The answer to the question of what we are actually doing is the second thing I want to say about this celebration of calling. To be sure, we are honoring, endorsing, and ratifying the specific callings of these officers. But I am convinced that God is inviting us to do more here. I think he is inviting us to see ourselves in these new officers: through them to hear the echo of our own callings (whatever they may be), to feel the touch of Christ’s beckoning again, to know that each of us has a special calling which only he or she can fulfill. When we witness an ordination, we are reminded that all of us are ordained to our own special priesthood. When we witness a commissioning, we are reminded that God has commissioned each of us to an important role in his mission to save the world.
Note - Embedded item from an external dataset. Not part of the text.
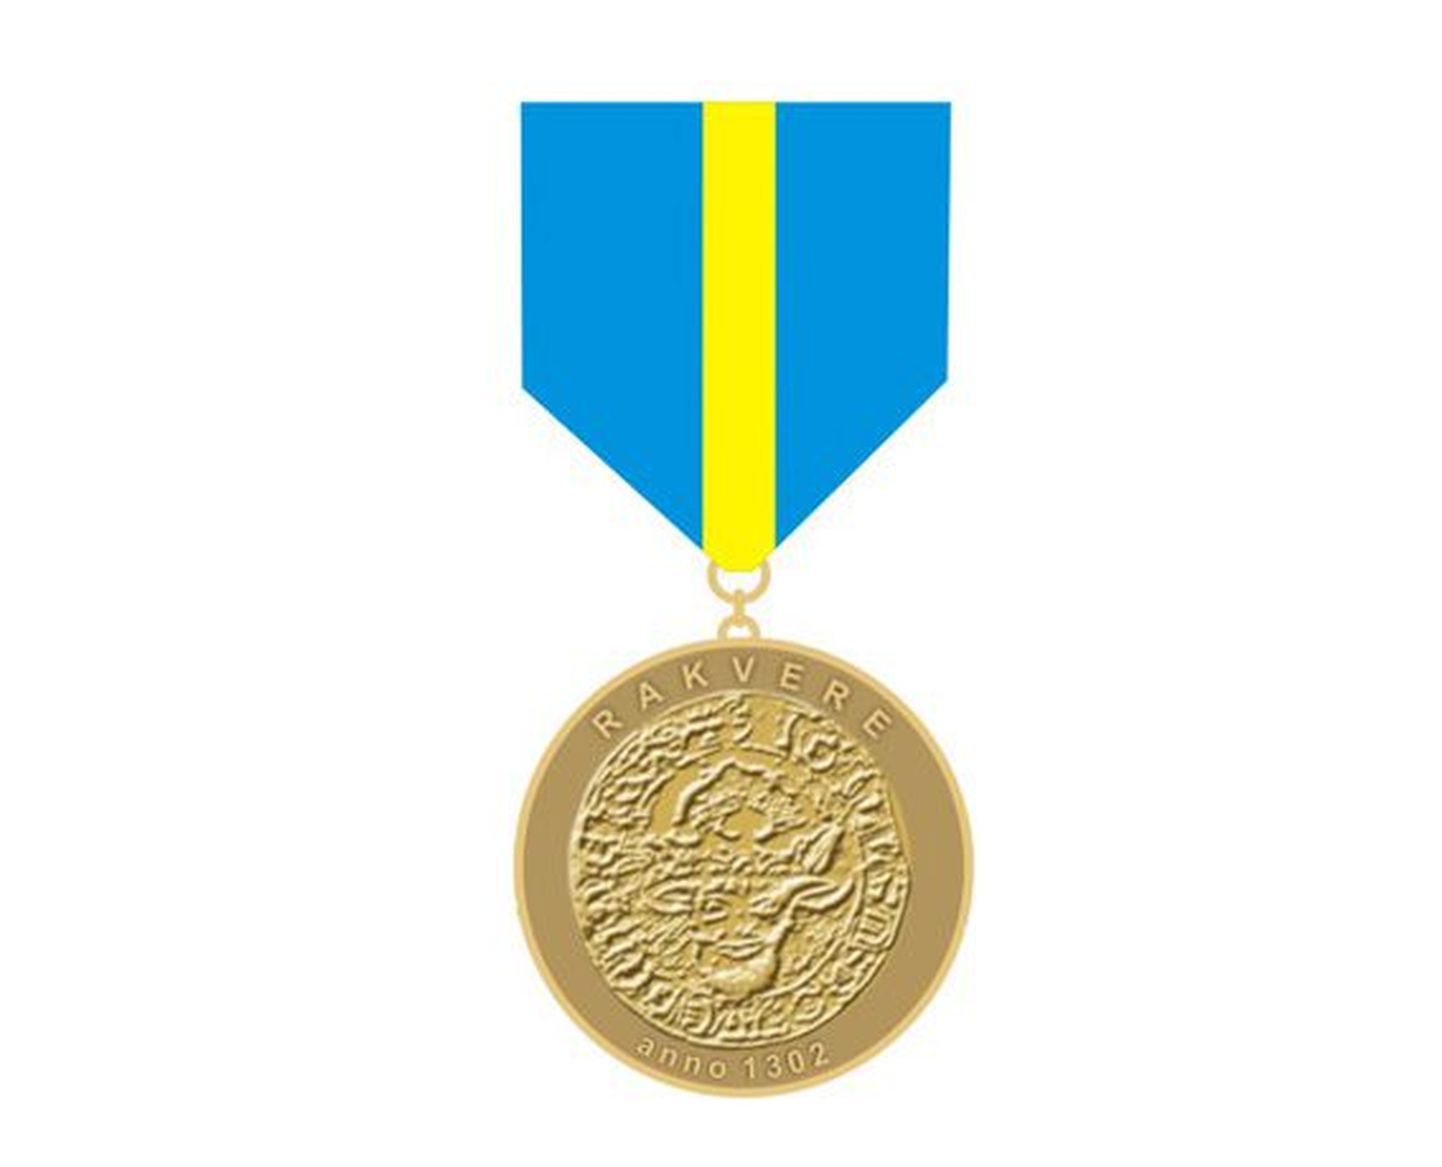 Vallimäe medal.

This commissioning of officers is a model for all our commissionings. The commissions which the Ambassadors of Grace receive remind us all that we are given a commission by God, endorsed by the faith community through which we serve. This session is well named. Ambassadors are representatives; they represent someone or some group. The Ambassadors of Grace first and most importantly represent the God of grace. But they also represent the people whom they serve. They model calling, they exemplify what it means to take up one’s cross and follow Christ. They teach us that our vocations, too, are God’s avenues of grace in the world.

So, this weekend, we watch the commissioning of the Ambassadors of Grace not as passive observers, but as participants. We watch ourselves. We receive our orders. And that is the most important justification for making this intimate occasion something of which we can all be a part.